One of the amazing things about living in Arizona is just how close at hand amazing hiking trails almost always are. Nearly every suburb of Phoenix has a few trails if not several mountain parks, and the eastern town of Fountain Hills is no exception. Since the late 2010s, the city has been building trails through the southeastern part of the McDowell Mountains, and created the Adero Canyon trailhead. With less crowds than some of the city’s more marketed trails, hiking in Fountain Hills offers visitors and residents alike the opportunity for challenging climbs, easy walks, and beautiful views. Any local hiking fanatic should definitely check these trails off the hometown bucketlist. This guide will walk you through the main trails of the park and breakdown everything you need to know to visit.
Please remember when you come to take care of this beautiful landscape. It is the home of people, plants, and animals, and the care of every visitor will help protect this place for the future.
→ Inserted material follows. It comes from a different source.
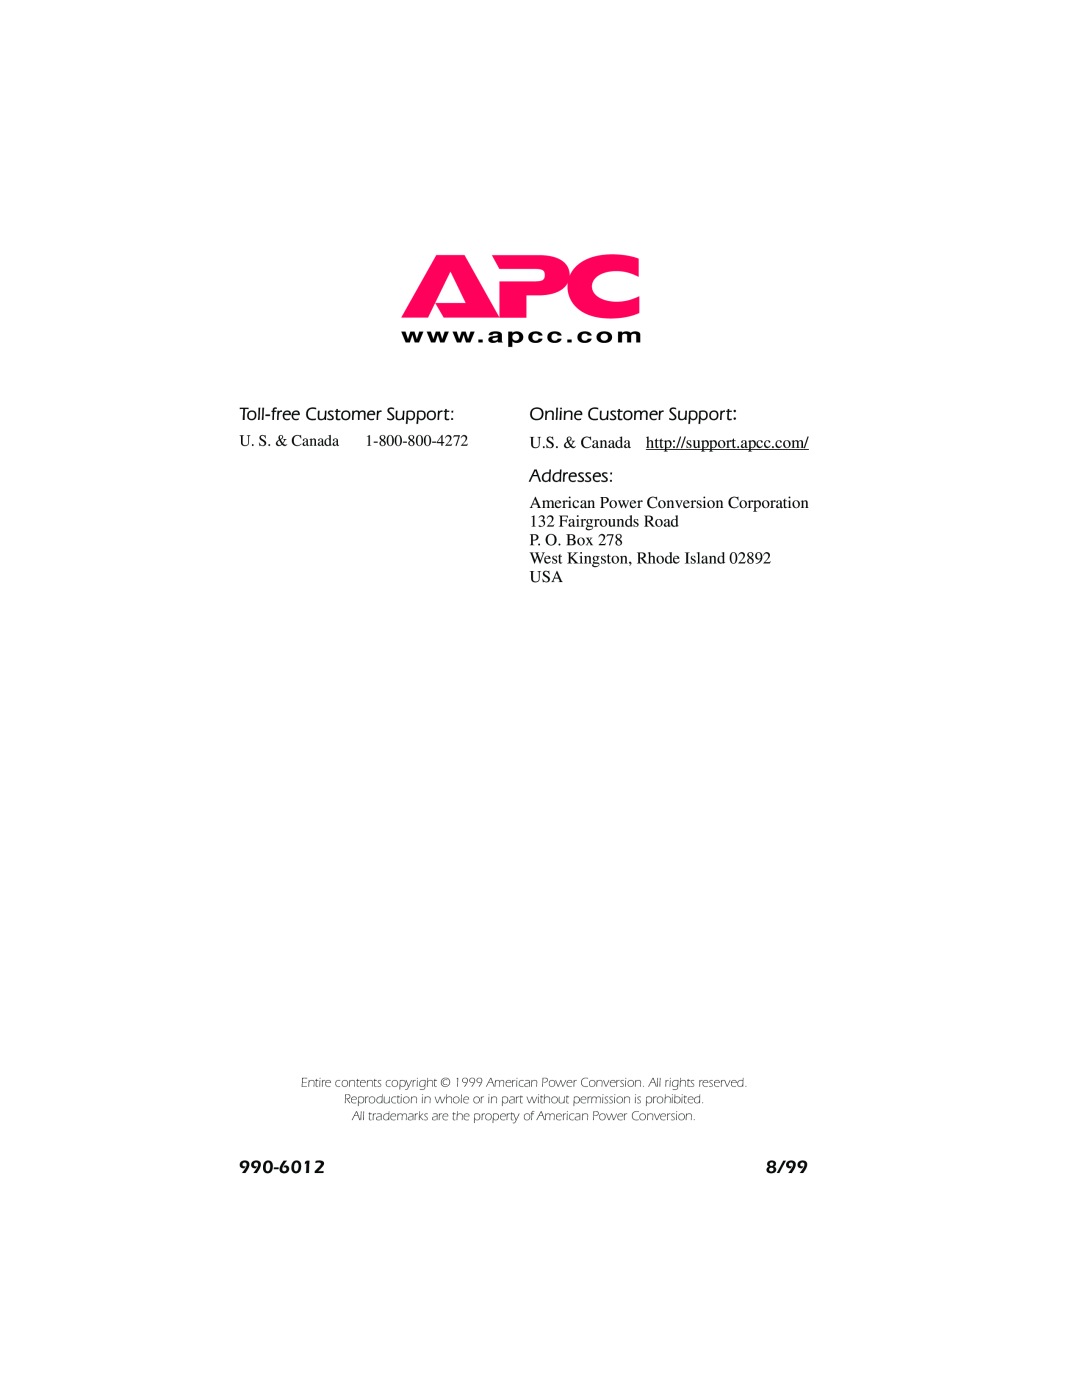 APC AP9225 manual w w w. a p c c . c o m, Toll-free Customer Support, Online Customer Support, Addresses, 990-6012, 8/99

In this guide, we will be covering Caring for Wildflowers.
- 1 Caring for Wildflowers in Central Arizona and Beyond
- 2 Planning Out Your Adero Canyon Experience
- 3 Need to Know Information
- 4 Promenade Trail and Easier Hiking in Fountain Hills
- 5 Western Loop Trail for a Challenging Trek
- 6 Quick Stops for Views of the Famous Fountain
- 7 Safety Considerations
- 8 Land Acknowledgement
- 9 Resume en Español
- 10 More on Arizona for Hikers, Explorers, and Travelers
Caring for Wildflowers in Central Arizona and Beyond
You might not imagine that the deserts of Arizona are home to a vibrant array of wildflowers. But every year there are seasonal growths of purple, orange, red, and yellow flowers which can be viewed when hiking in Fountain Hills and elsewhere. Not only are these a beautiful element of the landscape, but the diversity of plants is key to the health of the Sonoran Desert. Diverse flowers support diverse pollinators and herbivores. And the healthier insects and herbivores are the healthier our charismatic predators tend to be. Everything is linked in nature.
Likewise, wildflowers play an important role for indigenous and Western cultures. At the very least, the beautiful colors encourage folks in enjoying the end of the cooler season, and make preparing for the intense summer a little more enjoyable.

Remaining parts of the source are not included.